What will you remember about July 2019? Fireworks? Record-breaking heat? Amazon Prime Day? If you found yourself otherwise occupied this month and missed some of the insightful content published on the Pipeline blog, the following is a list of the five most popular posts in July. Topics include: How to develop a customized approach schedule adherence for the modern work environment; a look at the disruptive impact that the Generational Expectations (GX) of millennials and Gen Z’ers will have on Customer Experience (CX); advice for vendors on how to improve the value of product demos for your contact center audience; top ways that AI can impact and improve the contact center; and steps for getting frontline agents involved and engaged with performance improvement.

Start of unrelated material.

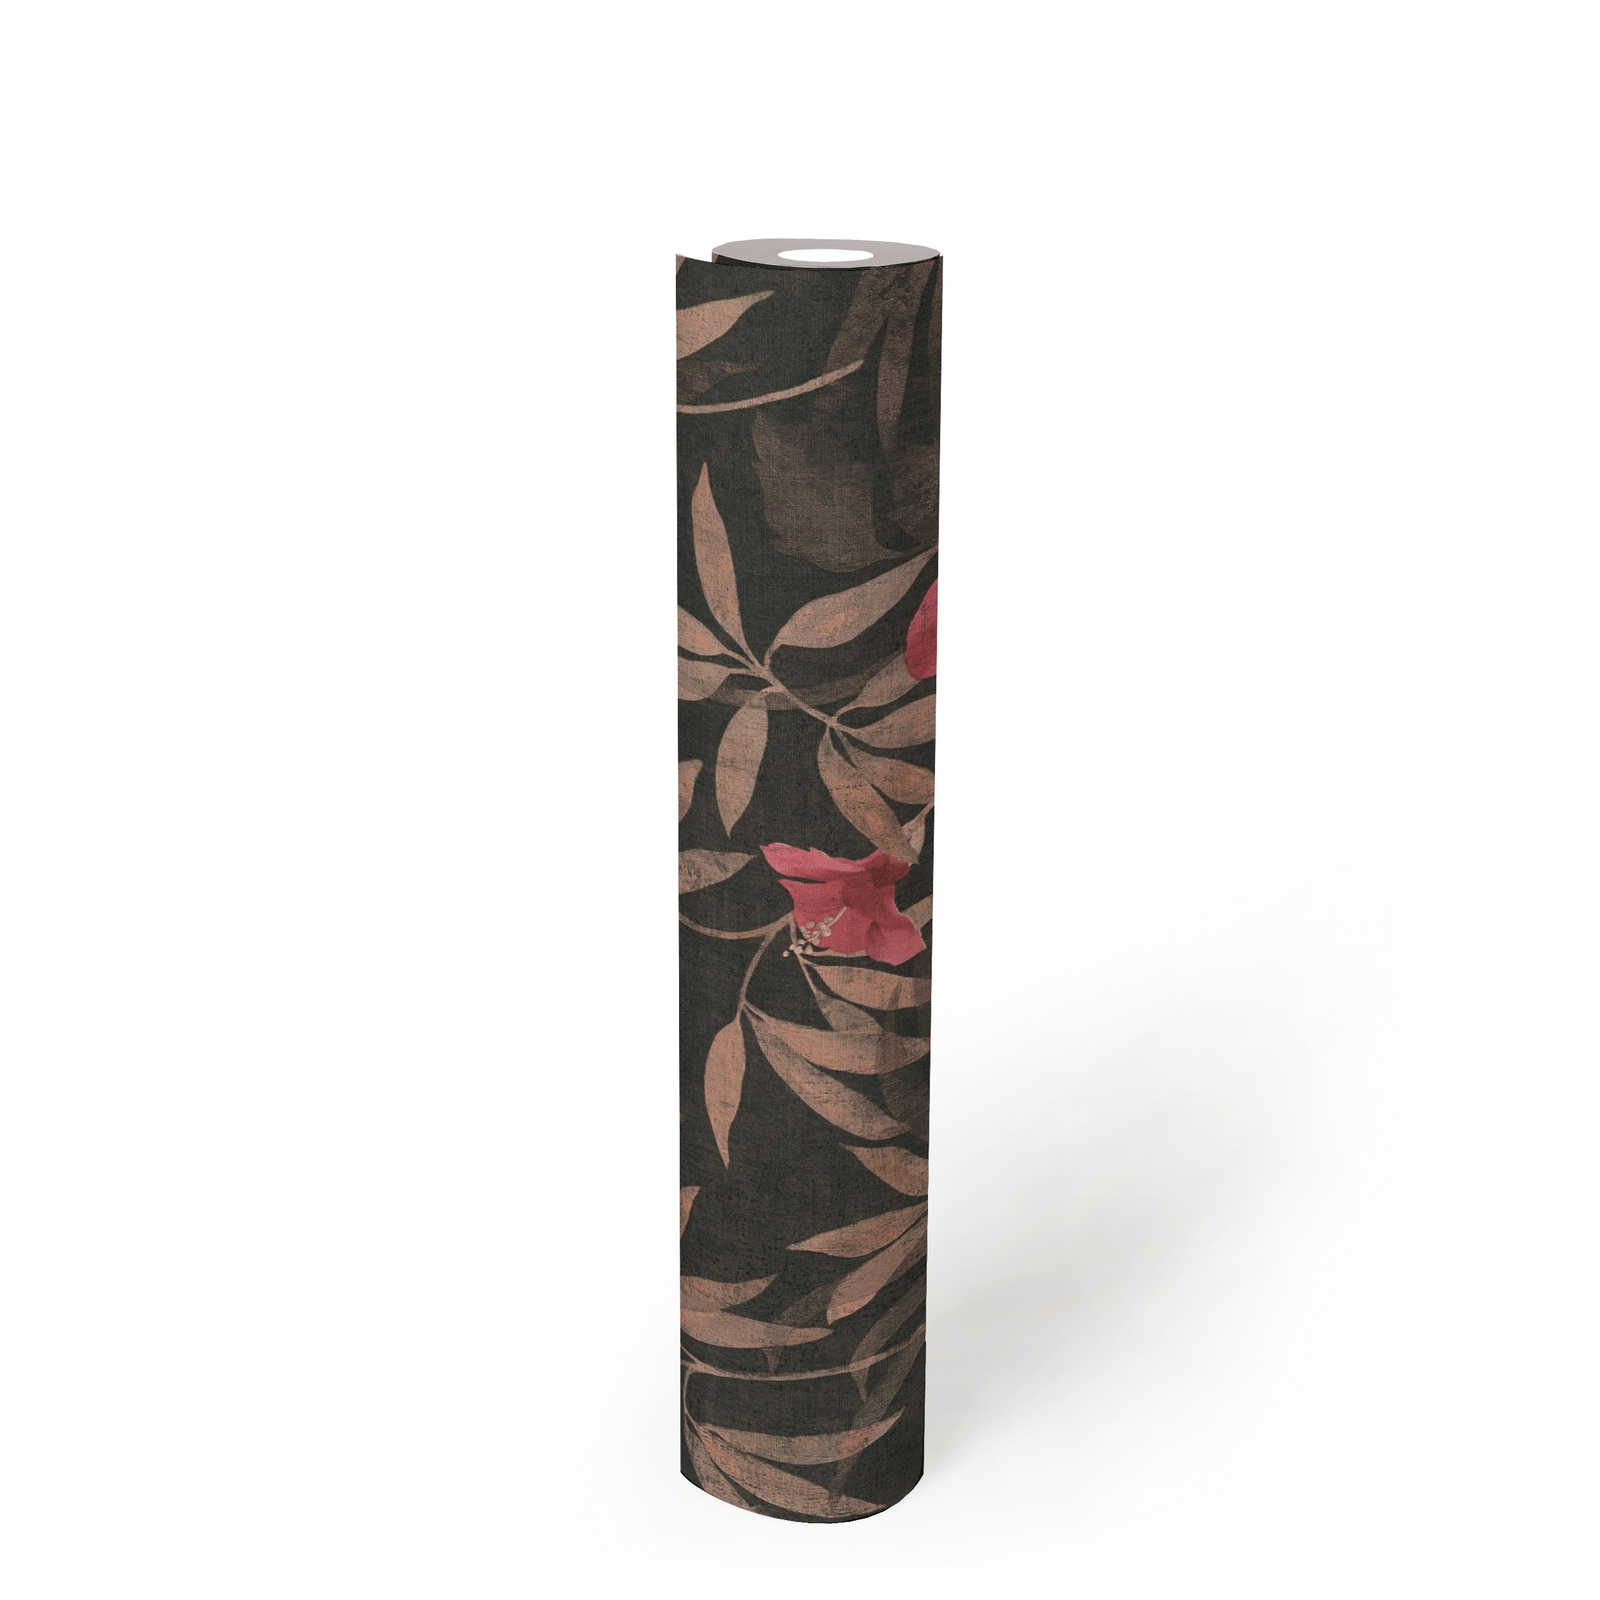             Tapete Dschungel Blätter & Hibiskus Blüten – Braun, Rot

Revisiting Contact Center Schedule Adherence
When you find someone in a contact center who is passionate about schedule adherence, it’s a good bet he/she is (or once was) a member of a workforce management team (WMT). That’s because all of the forecasting and scheduling and planning done by anyone in a WMT is useless if no one actually follows the plan. Yes, agents and supervisors on the floor also care about adherence and want to meet the objective. But in the WMT, it goes beyond just wanting it. Good adherence is vital to the WMT’s survival.
CX Versus GX: When Worlds Collide
Let me start by once again offering a real-world experience, such as the one I described in my April 2019 column, CX Pundits vs. CX Practitioners: Real Life or Fantasy? In it, I described the wonderful world of the customer experience as described, written about, and generally fawned over by contact center industry pundits, and how that wonderful world compares to the real-world that I often experience when it comes to customer service. In the end, the problem I described in that column was solved and I’m still a customer of that company.
Contact Center Vendors: A Memo About Your Demo
Memo to the Vendor Community:
We work with many clients that are interested in acquiring new technology. It is always a good sign when investments in technology are being made. As we work through the acquisition process with clients, technology providers are asked to deliver a system “demo.” For some, this becomes more of a demolition than a demonstration… and the focus of this month’s discussion.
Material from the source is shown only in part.